Implicit Neural-Representation Learning for Elastic Deformable-Object Manipulations

Korea Advanced Institute of Science and Technology
RSS 2025

*Indicates the corresponding author

Abstract

We aim to solve the problem of manipulating deformable objects, particularly elastic bands, in real-world scenarios. However, deformable object manipulation (DOM) requires a policy that works on a large state space due to the unlimited degree of freedom (DoF) of deformable objects. Further, their dense but partial observations (e.g., images or point clouds) may increase the sampling complexity and uncertainty in policy learning. To figure it out, we propose a novel implicit neural-representation (INR) learning for elastic DOMs, called INR-DOM. Our method learns consistent state representations associated with partially observable elastic objects reconstructing a complete and implicit surface represented as a signed distance function. Furthermore, we perform exploratory representation fine-tuning through reinforcement learning (RL) that enables RL algorithms to effectively learn exploitable representations while efficiently obtaining a DOM policy.
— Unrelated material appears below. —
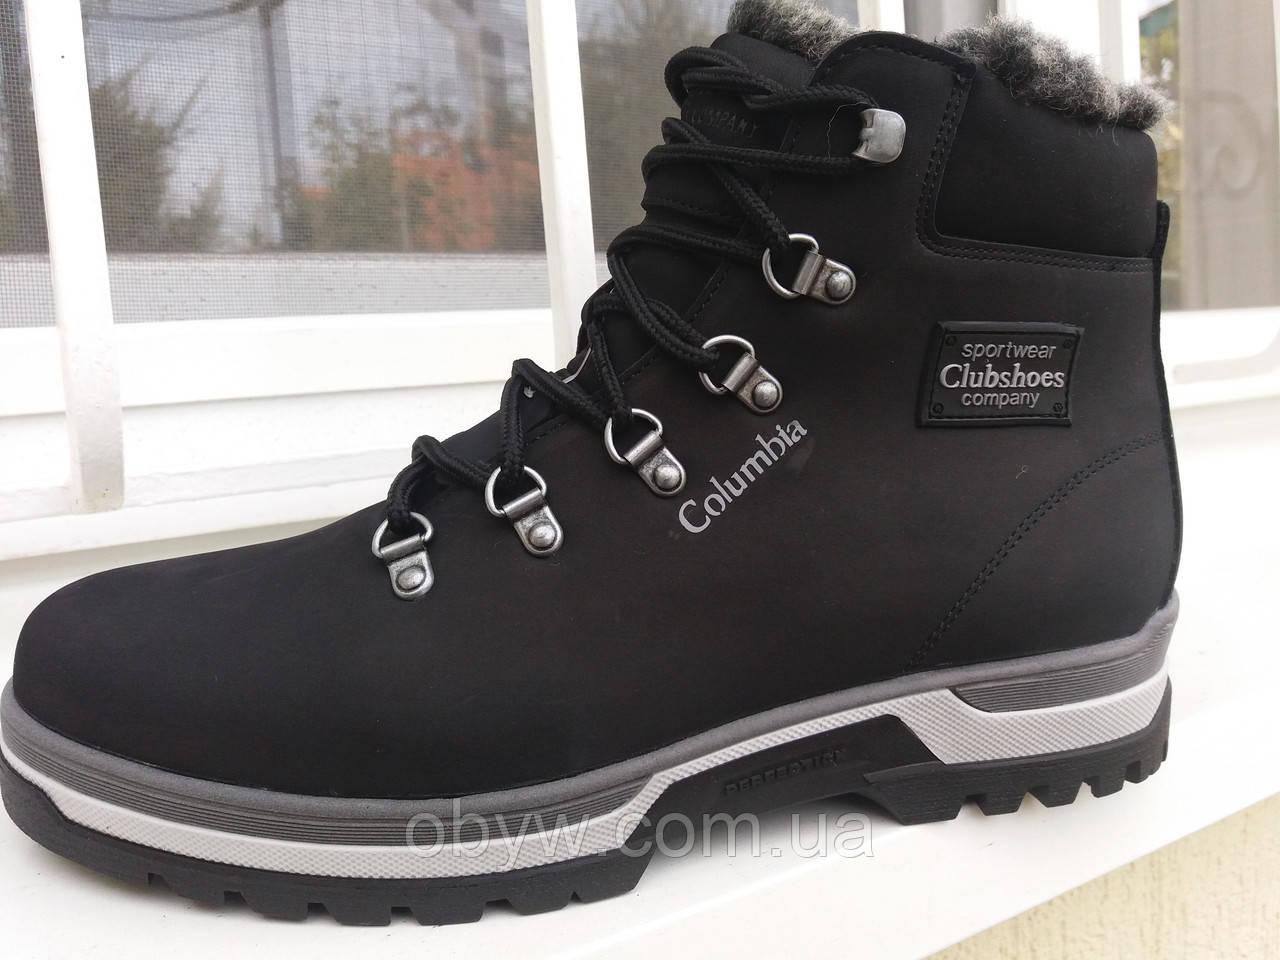 Утеплённые ботинки Calambia

We perform quantitative and qualitative analyses building three simulated environments and real-world manipulation studies with a Franka Emika Panda arm.

Overall Architecture

inr-dom overall architecture
  • INR-DOM trains the occlusion-robust state representation encoder of deformable objects, and the manipulation policy.
  • The first stage pre-trains a PointNet-based partial-to-complete variational autoencoder using implicit surface reconstruction for geometric feature learning.
  • The second stage jointly optimizes the policy and the pre-trained encoder with reinforcement learning to enhance task-relevant representation power (blue), and updates the encoder using contrastive learning to capture episode correlations (red).

Results

Pre-training results

inr-dom result 0

Comparison of reconstruction performance for elastic bands

inr-dom result 1

(Top) Partial point cloud inputs, (Middle) Reconstructed by Point2Vec, (Bottom) SDF-based Meshes from INR-DOM

  • INR-DOM shows better reconstruction performance than other point cloud completion methods.
  • Implicit surface representation leverages our encoder to capture the continuous deformation of stretchable surfaces.
  • INR-DOM robustly represents surfaces in occluded and intertwined parts.

Fine-tuning results

inr-dom result 0

Distribution of embeddings from 10 disentanglement episodes

inr-dom result 1

Distribution of 20,000 embeddings from random manipulation dataset used in the pre-training.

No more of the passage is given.